Amos 8:4-7; 1 TM 2:1-8; Lk 16:1-13
25th Sunday in Ordinary Time
A few weeks ago, one of the priests in my parish commented that Wall Street financiers bore a significant amount of the responsibility for the problems that led to the financial collapse and the beginning of the Great Recession back in 2008. It took about 30 seconds at the end of Mass for a parishoner to make a beeline to where the priest was standing and ask him what gave him the right to criticize Wall Street when the Church had so many sins of its’ own.
Perhaps we should rip out the first reading from the lectionary this coming Sunday so as not to send this fellow and his compatriots into apoplexy: “Hear this you who trample upon the needy and destroy the poor of the land”, Amos begins. By the time he finishes, he has catalogued briefly but without hesitation the sins of the rich in his own day – specifically the many subtle ways the rich can rob from the poor without leaving a mark. The final condemnation is the most damning: Speaking from the viewpoint of the calous rich man, he writes, “Even the refuse of the wheat we will sell.”
To appreciate the reprehensible nature of this atttitude, it might help to have a bit of context. Ancient Israel had no social safety network – no welfare system, no social security, no medicaid or medicare. When you could no longer work, you risked death by starvation or disease (usually, a combinaiton of both.) In order to show some compassion for the poor and to ease their hunger just a bit, Israel had long observed the process of gleaning. A wealthy land owner was expected to leave the wheat growing on the edges of the field that bordered the roads standing so that the poor passing along the way might have a little bit of food. The same was true for any grain that landed on the ground as the harvest was completed. Apparently, even this little concession to the poor was considered too extravagant for the wealthy of Amos’ time.

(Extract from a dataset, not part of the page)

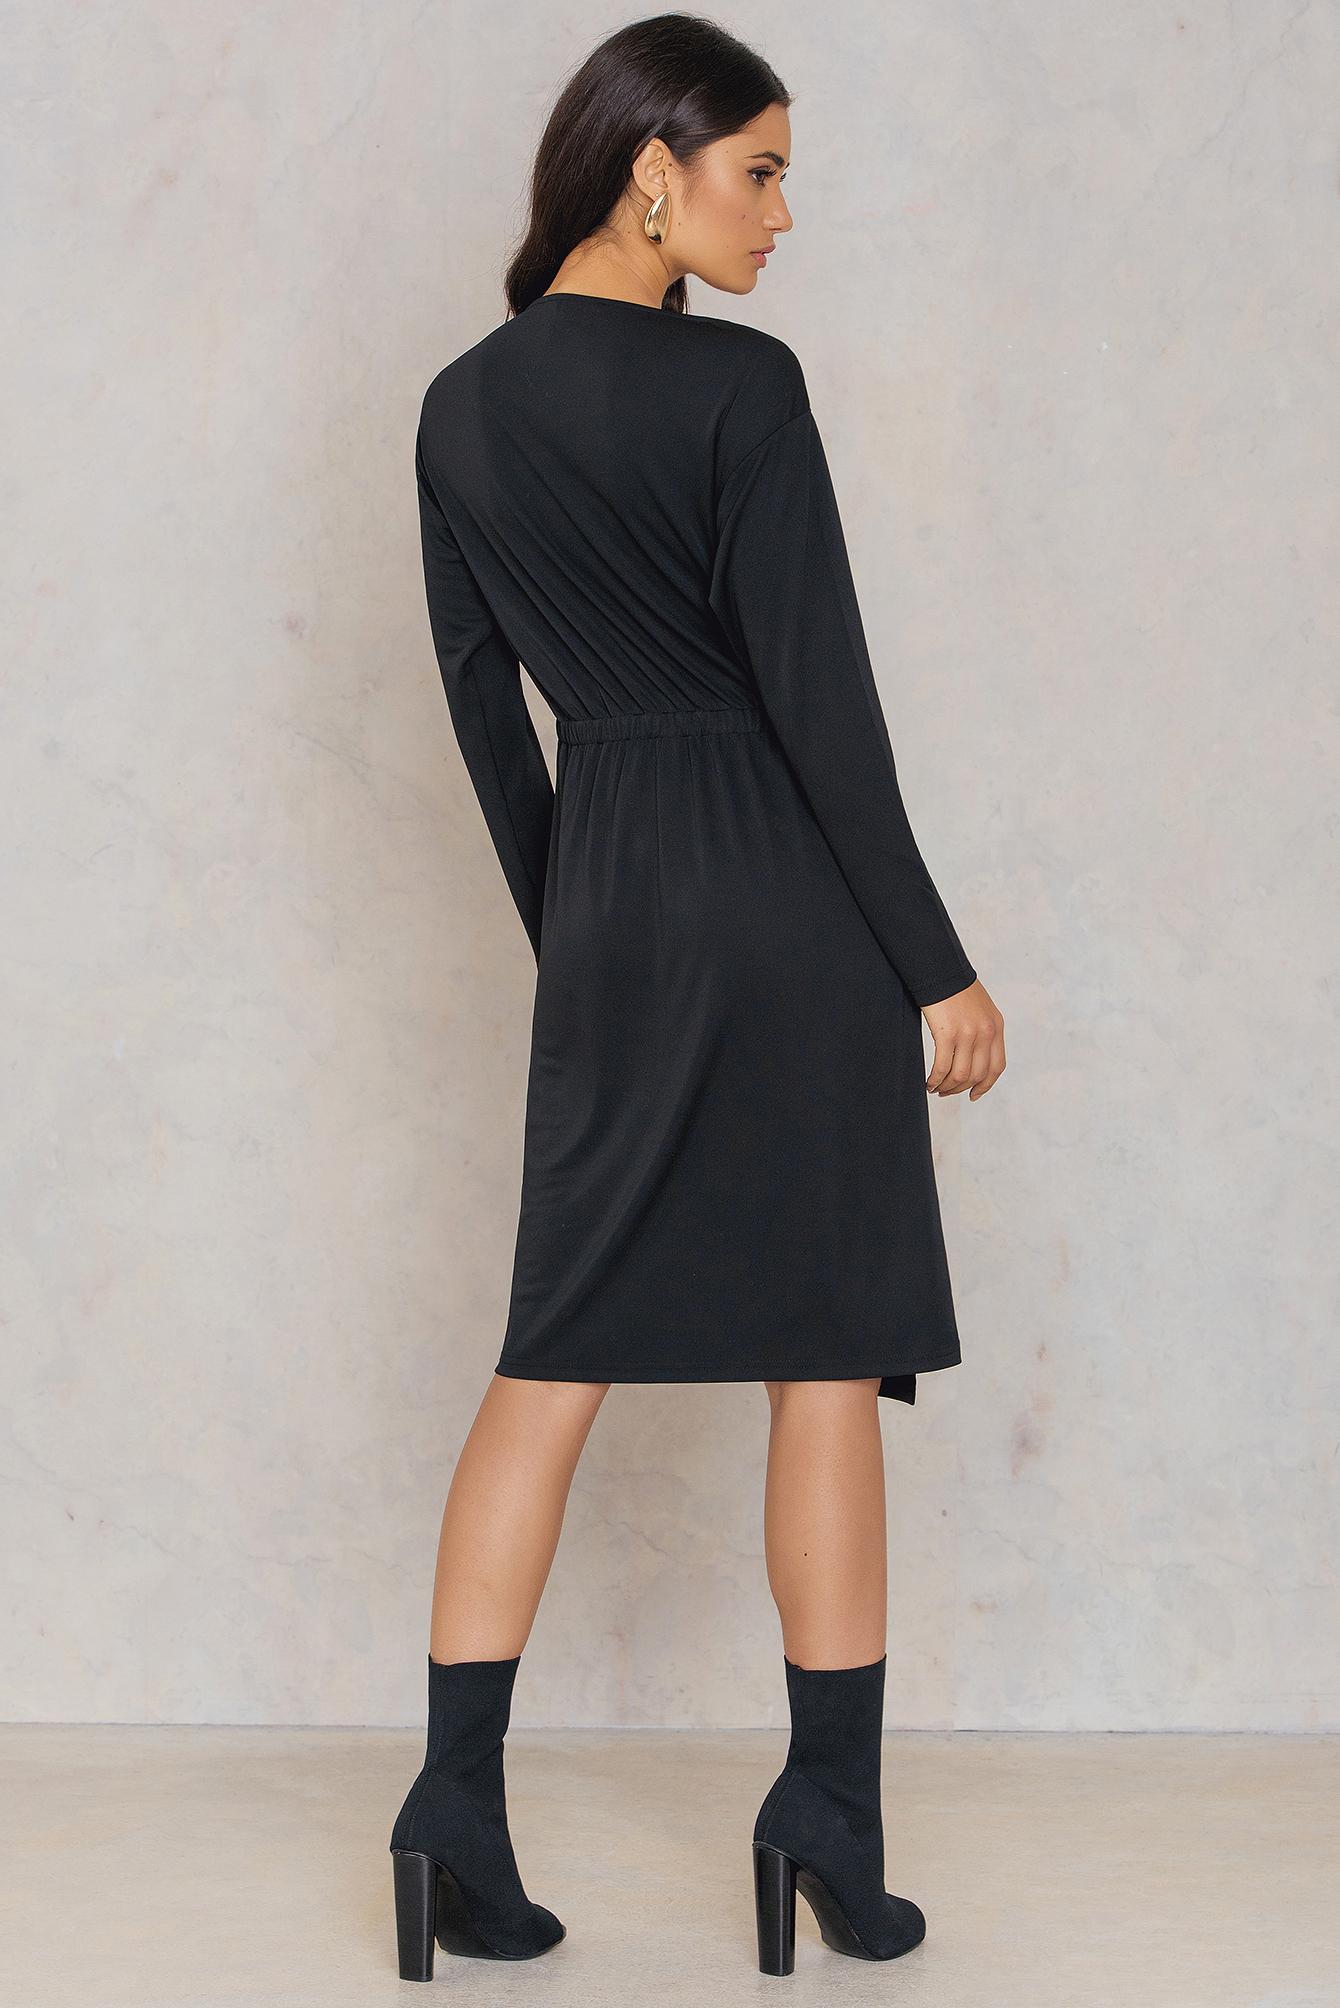 assymetric jersey dress filippa k

Of course, such things could never happen here in the good old democratic U.S. of A., right? The place where membership in unions has dropped to about 10% of the work force? The place where C.E.O’s are payed about 400 times what their average workers are paid? The place where the top 10% of the population controls over 50% of the nations’ wealth? The place where Congress recently blocked the passage of the farm bill for the sole purpose of preventing the sufficient funding of Food Stamps programs?
No, of course not. How dare any priest, my fellow parishoner, suggest that Amos might have had a point. Who does he think he is – a disciple of Jesus Christ?